Tag Archives: Security

Session ID in the URL : is it a vulnerability ?

Problem

I noticed at authentication of several JAVA web applications, the Session ID attached at the url like this http://mywebsite.com/function?value=blah&jsessionid=fgd457dfsd7sde4g4df…

When first authenticated, the website reveals in the URL a sensitive information “the session ID”. This is a security risk according to OWASP reference.
http://owasp-aasvs.readthedocs.io/en/latest/requirement-3.6.html
Indeed if an attacker get the session ID it can lead to the vulnerability of session fixation.

Scanner like Acunetix will detect is as a security risk too:
https://www.acunetix.com/vulnerabilities/web/session-token-in-url

Why the session id is passed to the URL ?

According to this post, it is by design of JavaEE:

This isn’t a bug, it’s by design. When a new session is created, the server isn’t sure if the client supports cookies or not, and so it generates a cookie as well as the jsessionid on the URL. When the client comes back the second time, and presents the cookie, the server knows the jsessionid isn’t necessary, and drops it for the rest of the session.
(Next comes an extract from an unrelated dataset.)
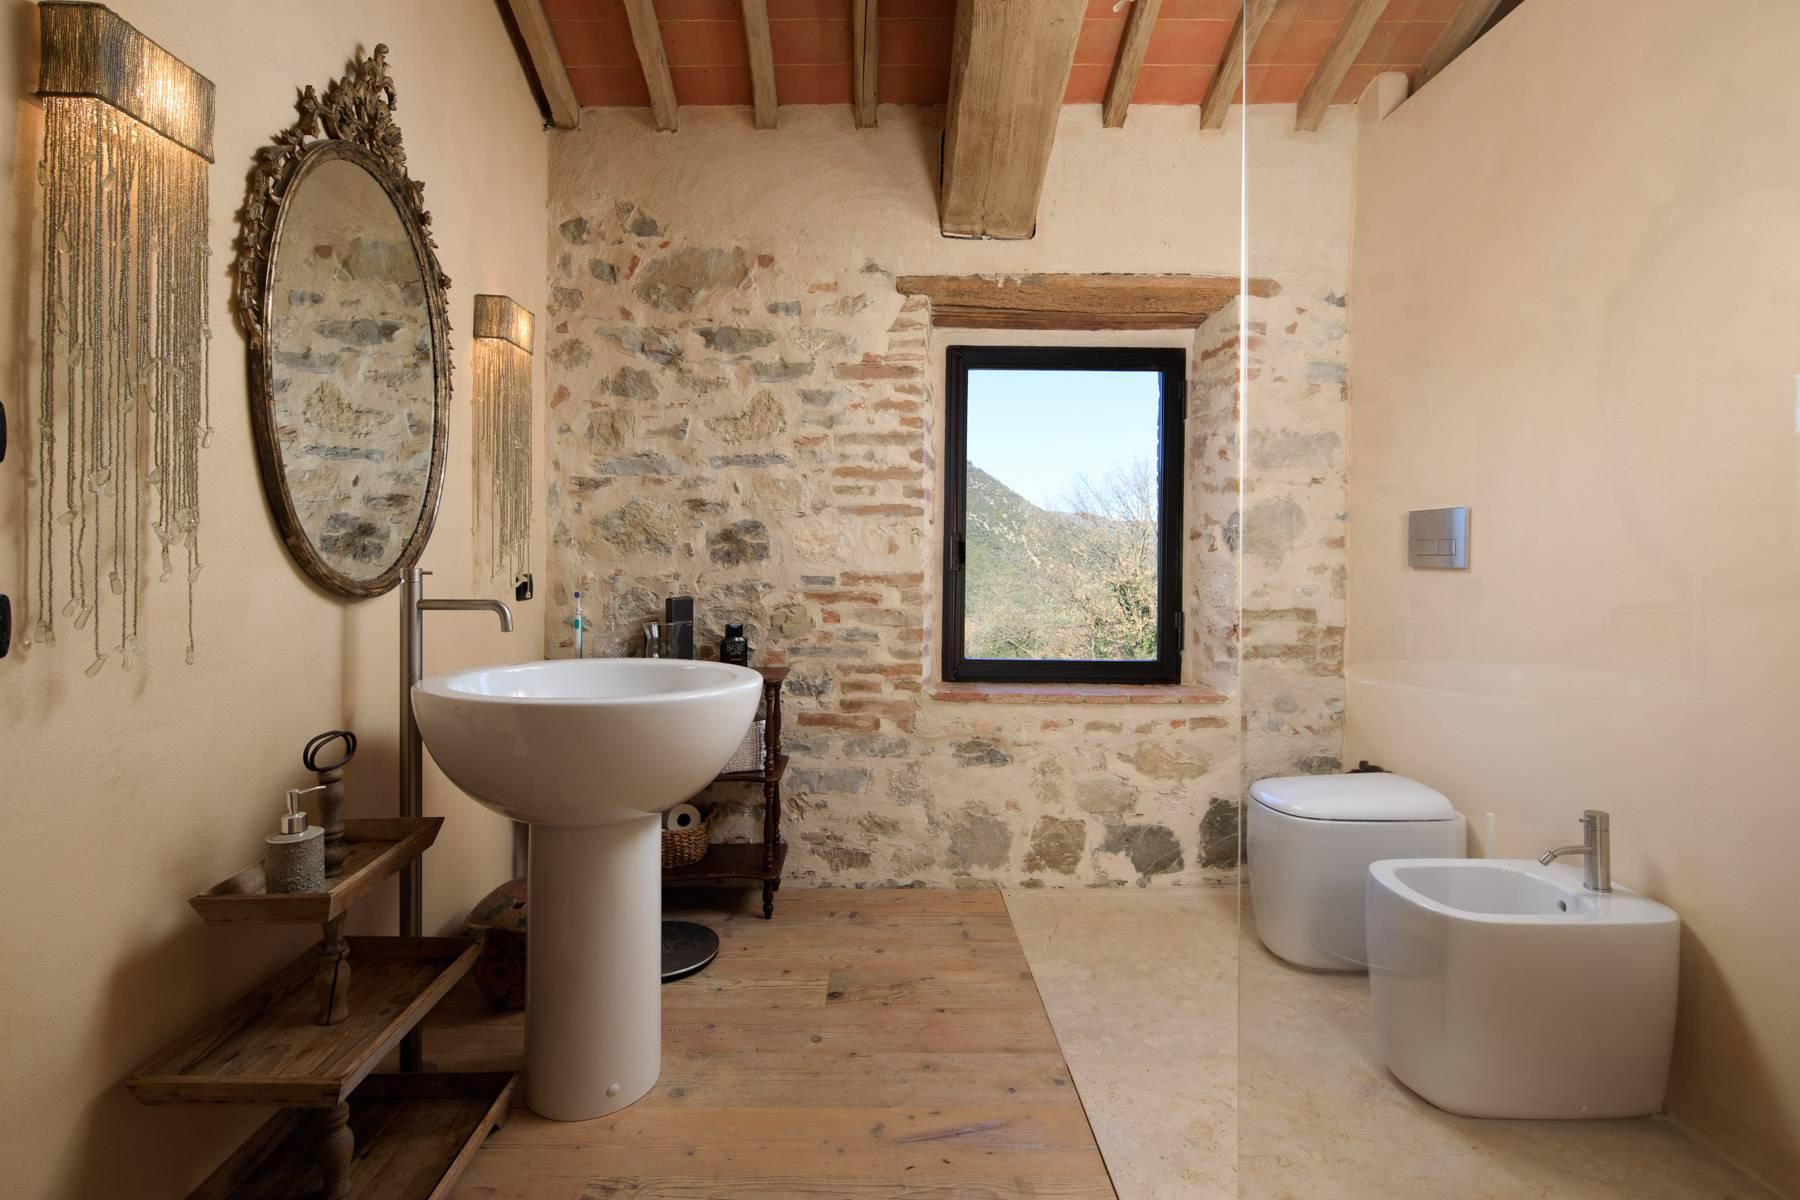 Rustico in Vendita a Castiglione D'Orcia: 5 locali, 716 mq - Foto 27

If the client comes back with no cookie, then the server needs to continue to use jsessionid rewriting.
You may not explicitly use cookies, but you do implicitly have a session, and the container needs to track that session.
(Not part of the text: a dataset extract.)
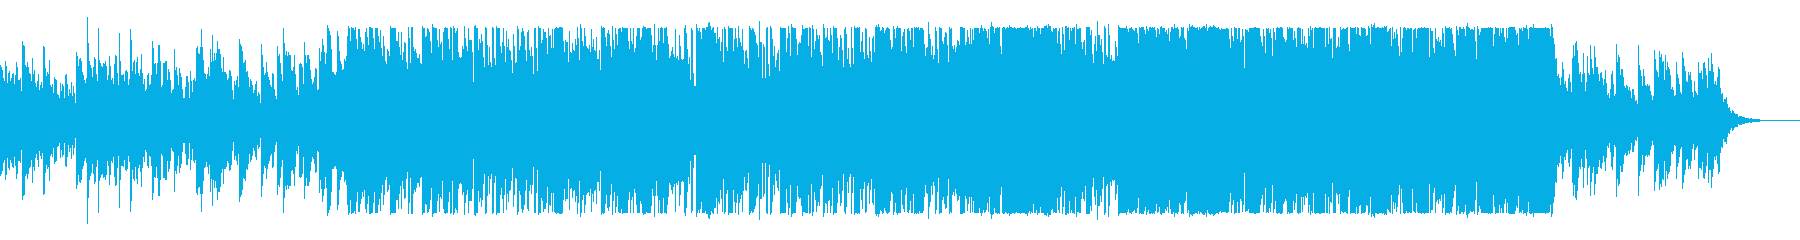 ベートーベン・悲壮 オルゴール+バンドの再生済みの波形

https://stackoverflow.com/questions/4079378/why-is-my-session-id-in-my-url

What is a Session Fixation ?

Session Fixation is an attack that permits an attacker to hijack a valid user session.
https://www.owasp.org/index.php/Session_fixation

This vulnerability is part of Top 10 2013-A2-Broken Authentication and Session Management

How to test for Session Fixation ?

https://www.owasp.org/index.php/Testing_for_Session_Fixation_(OTG-SESS-003)

What is a Session ?

HTTP protocol and Web Servers are stateless, what it means is that for web server every request is a new request to process and they can’t identify if it’s coming from client that has been sending request previously.

But sometimes in web applications, we should know who the client is and process the request accordingly. For example, a shopping cart application should know who is sending the request to add an item and in which cart the item has to be added or who is sending checkout request so that it can charge the amount to correct client.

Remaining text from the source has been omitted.